• ACTIVITY
From the entries below, please output exactly the lines starting at the one containing "ג'ינס ארוך בגזרת Slim של BANANA REPUBLIC" and ending at the one containing "Anime Girls, highs, Hyakka", both included.

─── MATERIAL SUPPLIED

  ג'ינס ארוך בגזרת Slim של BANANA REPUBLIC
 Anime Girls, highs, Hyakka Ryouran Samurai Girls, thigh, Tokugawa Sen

──────
─── MATERIAL SUPPLIED

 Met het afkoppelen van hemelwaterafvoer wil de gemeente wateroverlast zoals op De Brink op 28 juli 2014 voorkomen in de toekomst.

──────
─── MATERIAL SUPPLIED

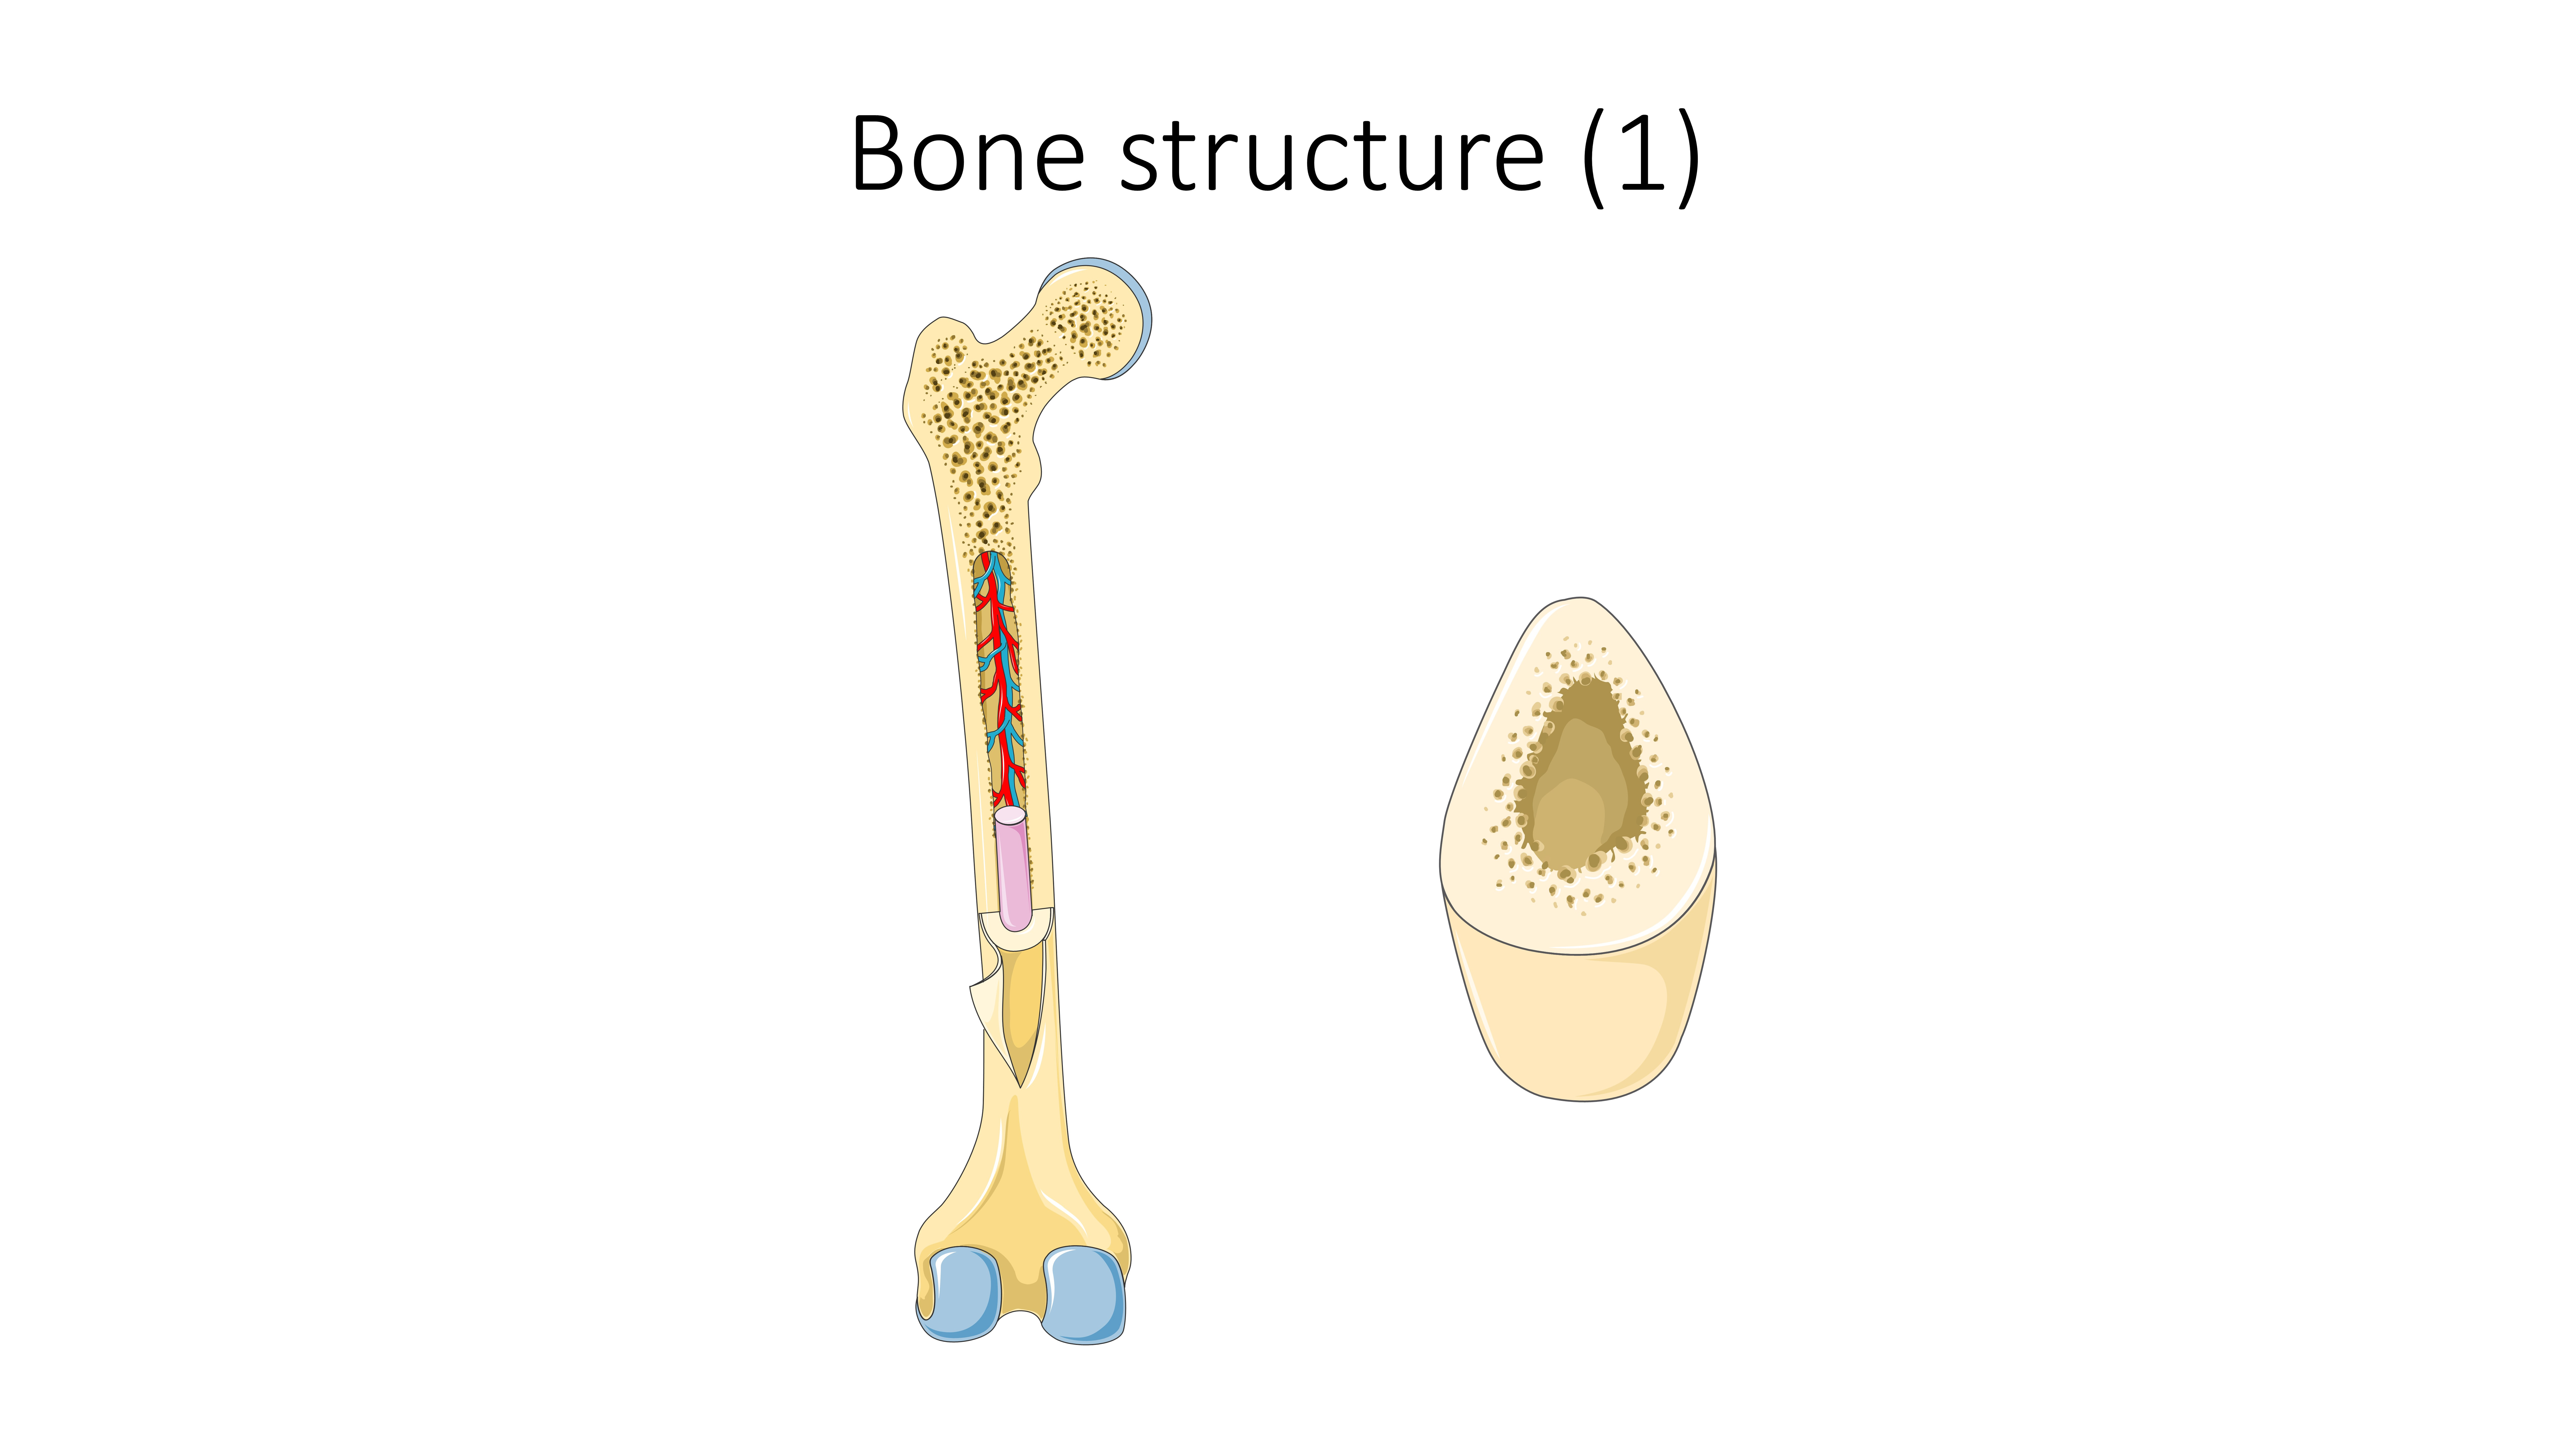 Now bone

──────

• OUTPUT FOR THIS TASK
  ג'ינס ארוך בגזרת Slim של BANANA REPUBLIC
 Anime Girls, highs, Hyakka Ryouran Samurai Girls, thigh, Tokugawa Sen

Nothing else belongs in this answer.